Riyad Nour adds that refining, even in its current dispersed state, was going up the learning curve at the level of skills training. He explains that in the past foreign partners in refining were not concerned with training refinery staff but that Egyptian companies were able to send their employees to study abroad or work with foreign and Gulf Arab oil companies to re-skill their workforces in line with international standards. Firms specialized in training, whether for refineries or even offshore rigs, were beginning to get licensed in Egypt, he says.
These local achievements need to be harnessed and expanded on. Measures have already been taken to ride out the currency storm, explains PICO International Petroleum’s General Manager, Shawky Abdeen, with 20%-30% of arrears owed to foreign partners being paid in Egyptian pounds. Upgrading oilfield service companies is another avenue, as many of them already rely, to varying extents, on locally manufactured materials and designs, says another petroleum engineer. Local content stipulations and stringent quality specifications are the traditional policy tools used to achieve this, as Egypt Oil & Gas has documented.
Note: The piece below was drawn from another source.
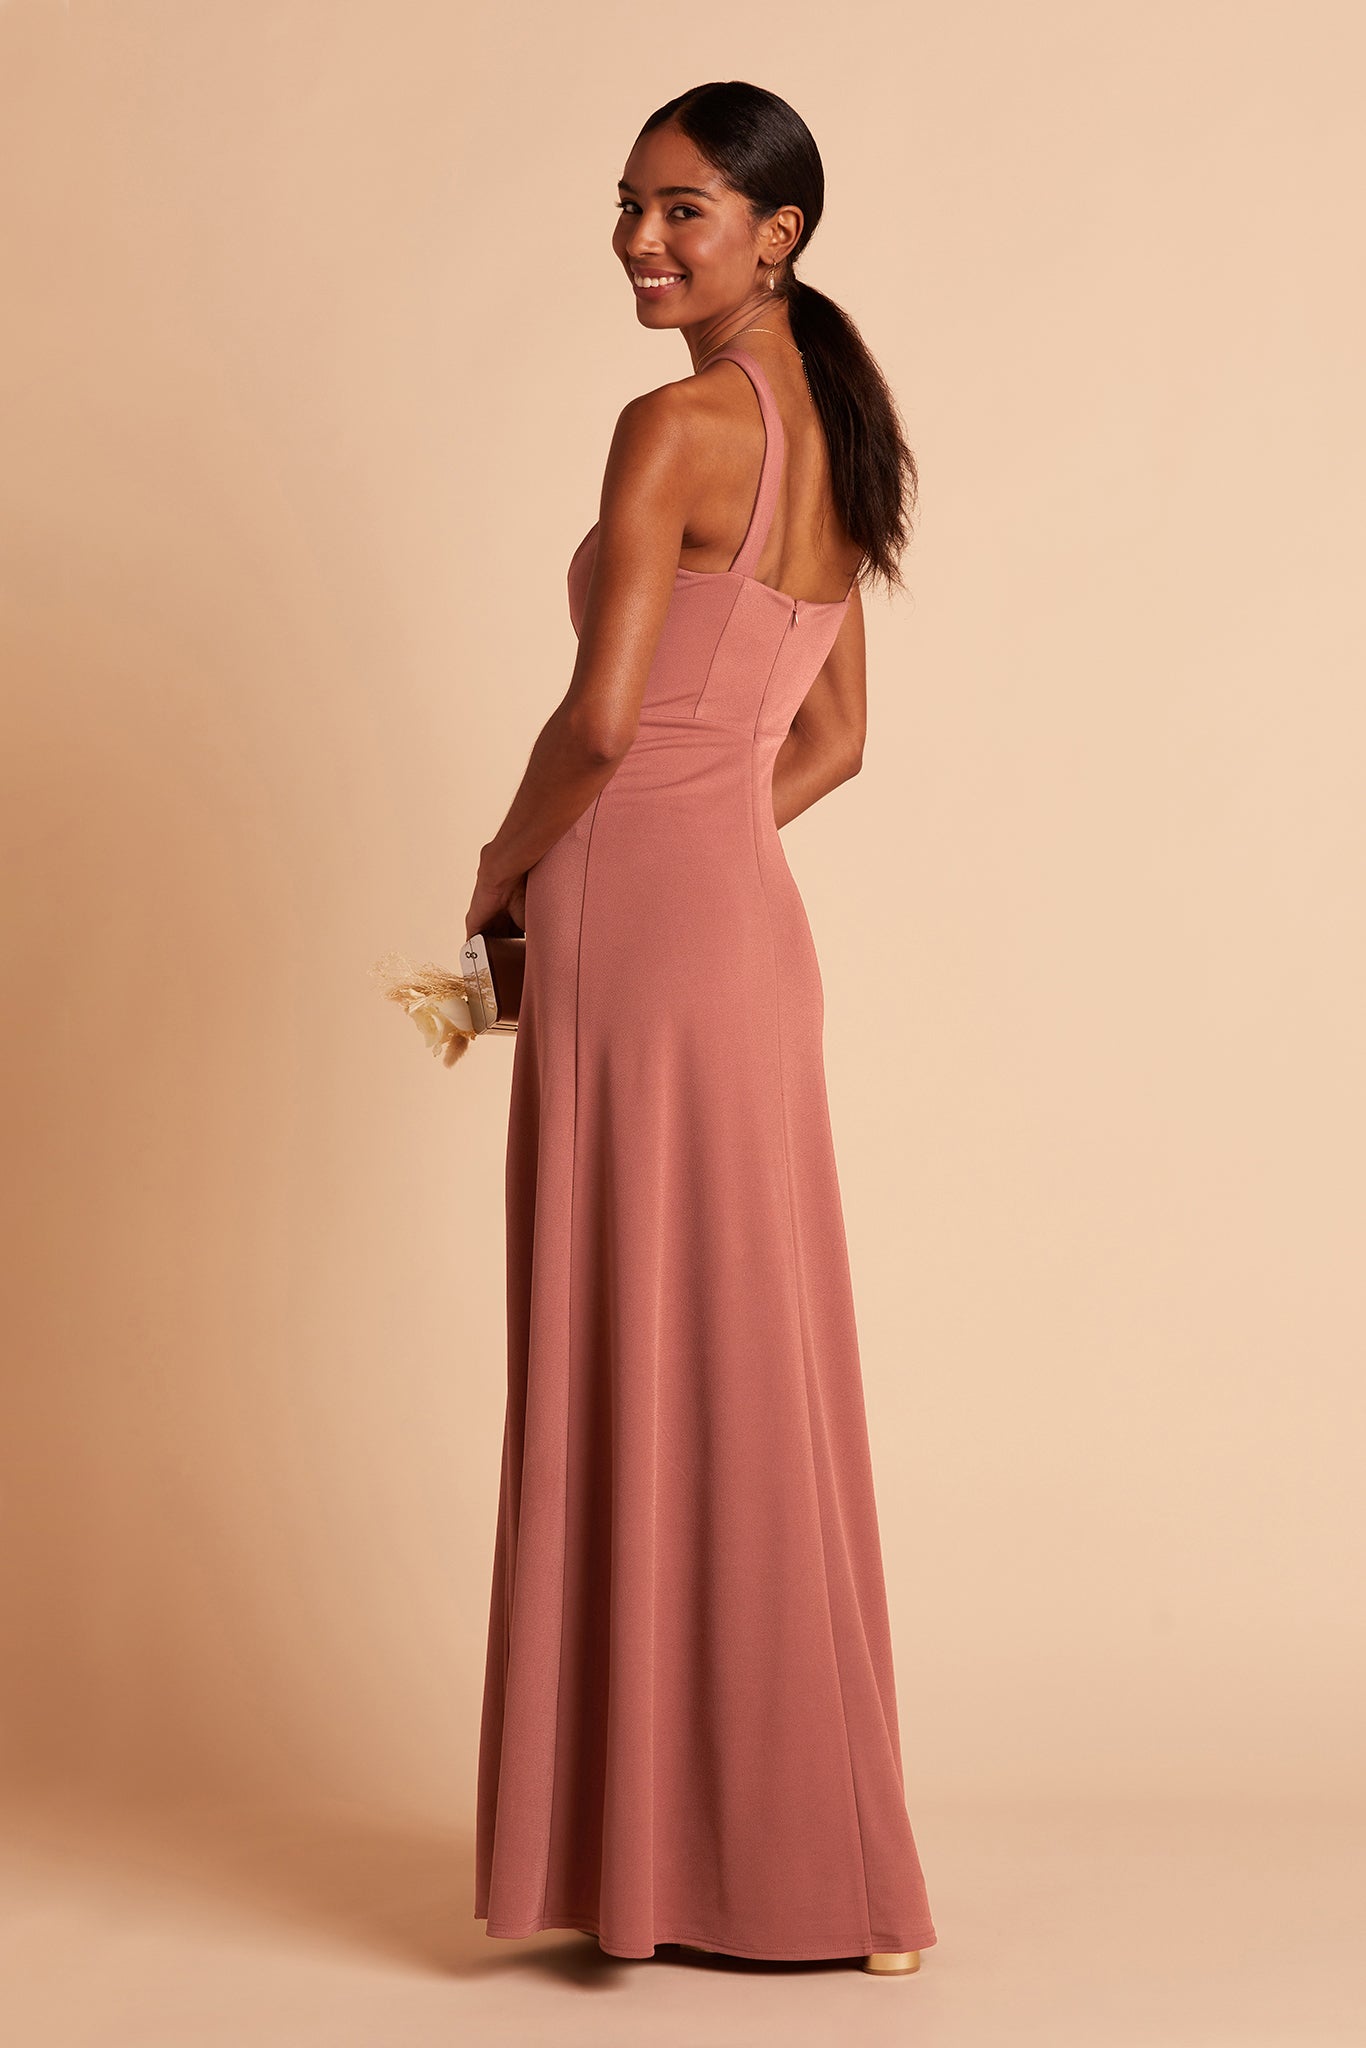 Gene bridesmaid dress with slit in desert rose crepe by Birdy Grey, side view

The anonymous expert also adds that more downstream people needed to be included in ministerial positions, whether from sales and distribution or midstream as well as refining and petrochemicals.
Integration is a delicate balancing act between too much and too little centralization, but there are lessons learned based on experience of different companies and countries, that can help guide the way for Egypt out of its dependency on imported downstream products and finally establish Egypt as an exporter of choice in the coming years.